Exercise data ▸
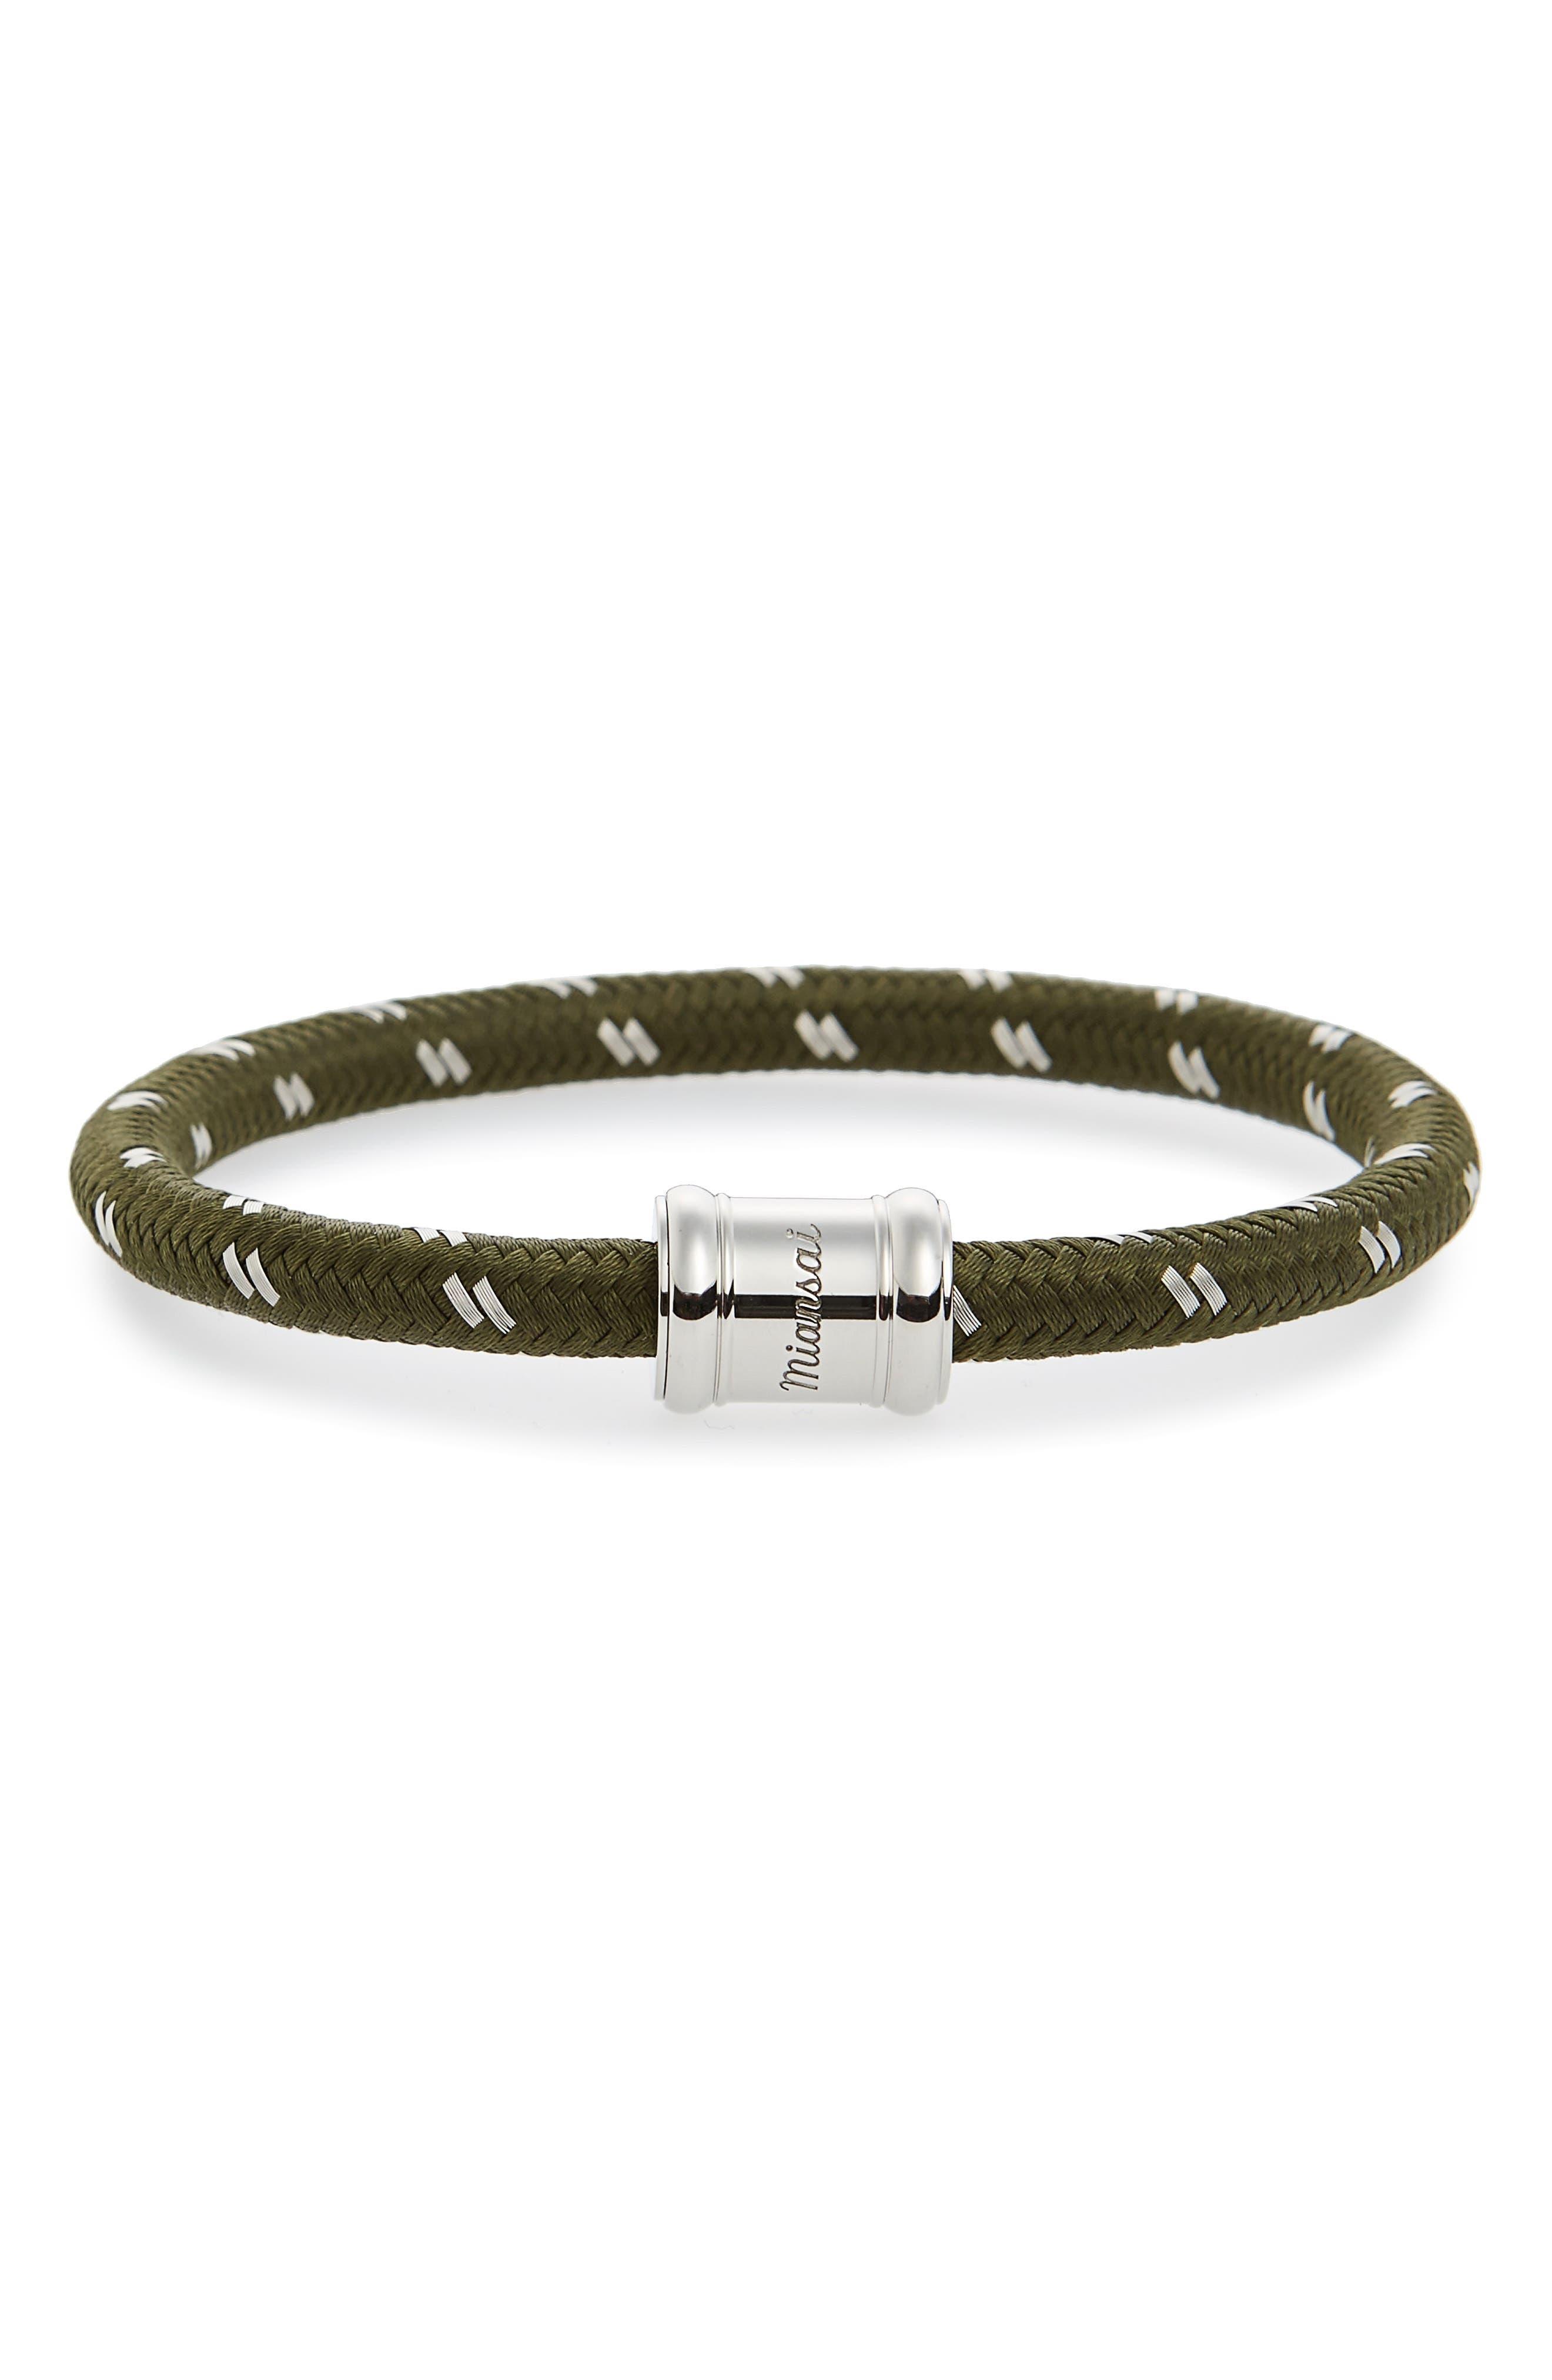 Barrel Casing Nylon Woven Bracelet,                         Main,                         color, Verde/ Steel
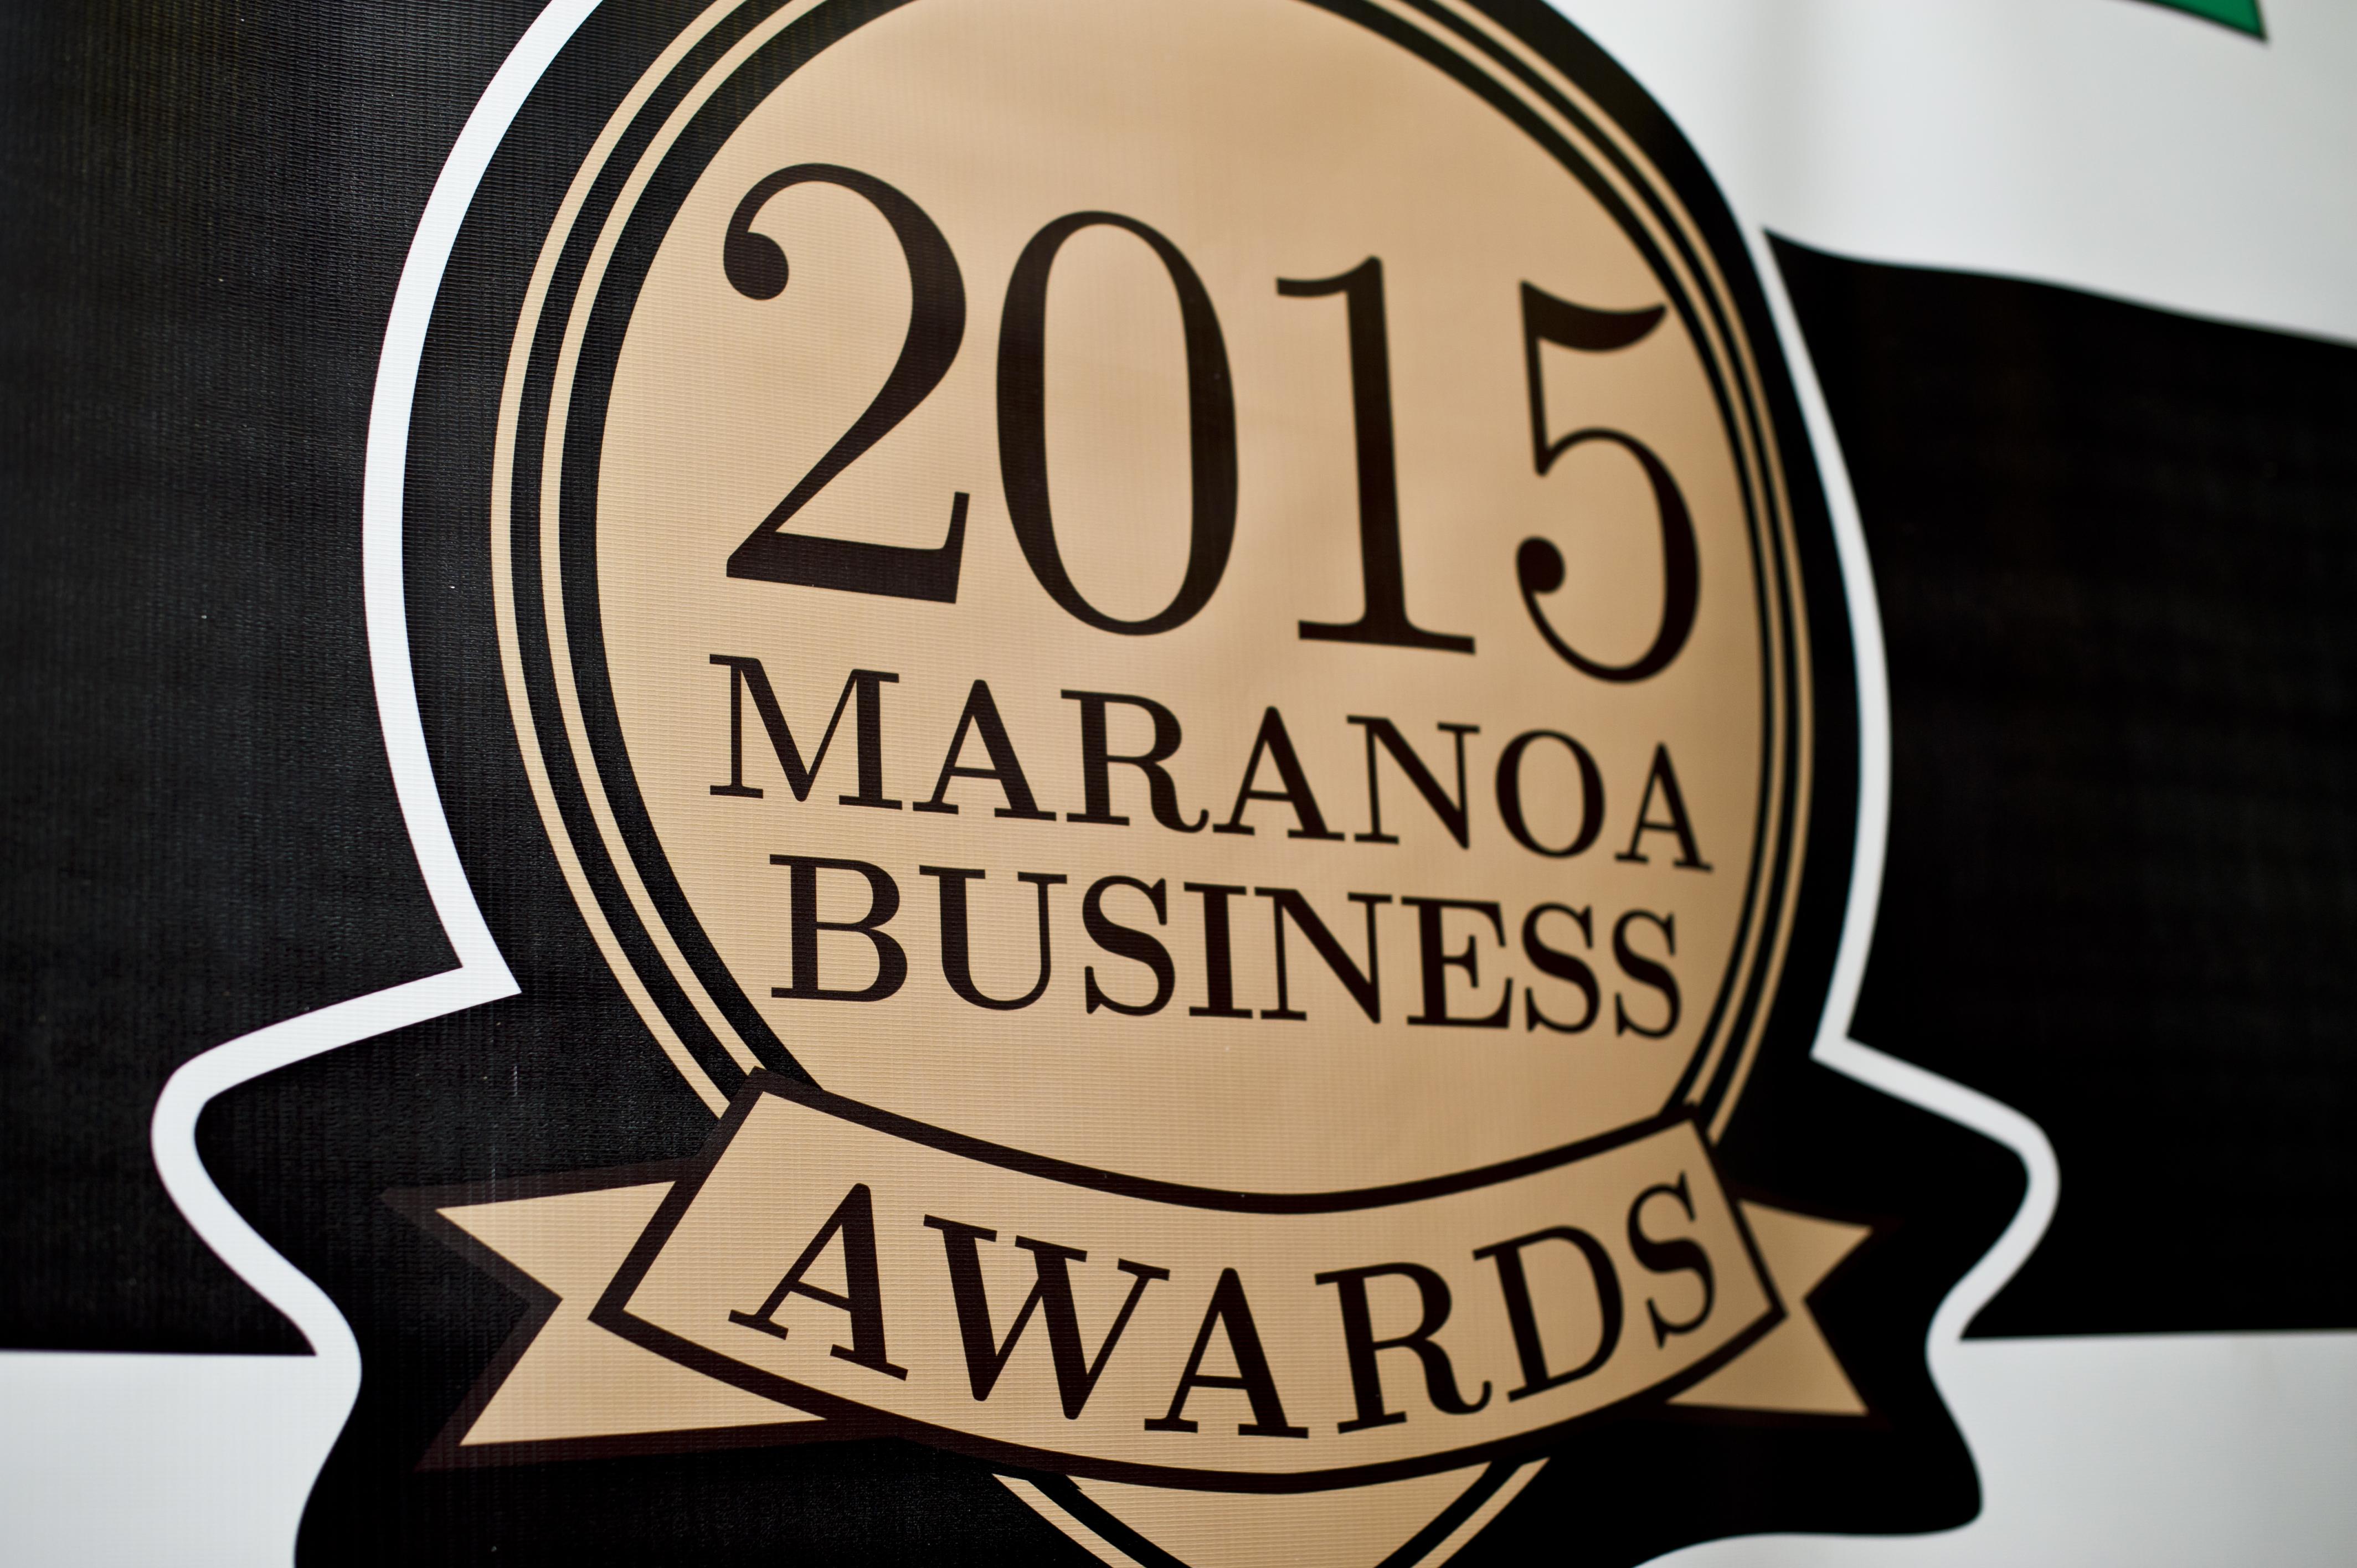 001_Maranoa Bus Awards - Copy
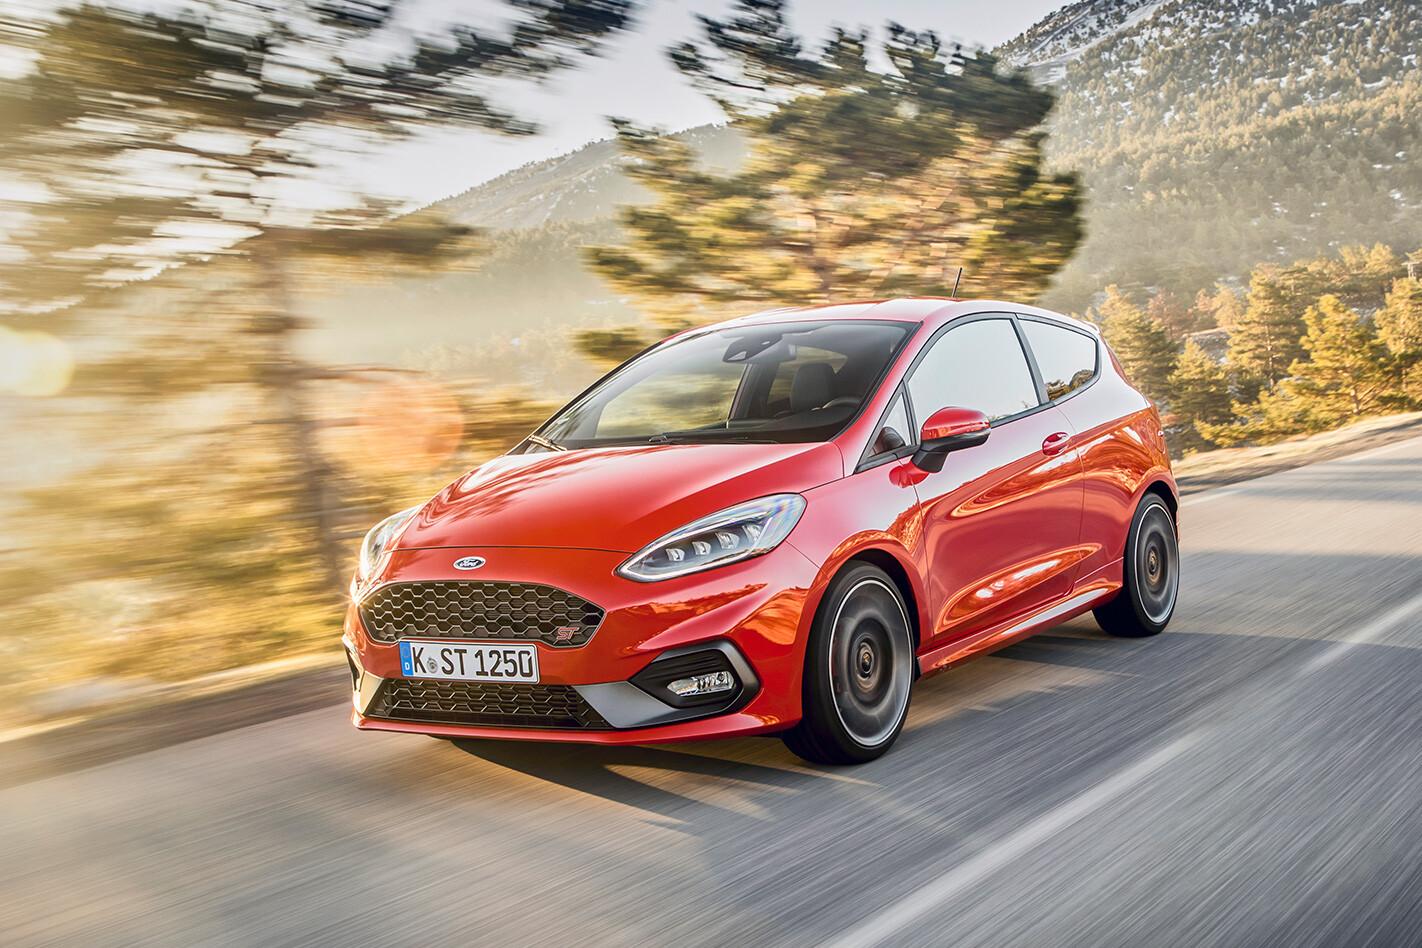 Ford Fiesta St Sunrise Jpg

Aim of the task ▸ Set the listing above down again exactly, leaving pictures out.

Solution to the exercise ▸
 Barrel Casing Nylon Woven Bracelet,                         Main,                         color, Verde/ Steel
 001_Maranoa Bus Awards - Copy
 Ford Fiesta St Sunrise Jpg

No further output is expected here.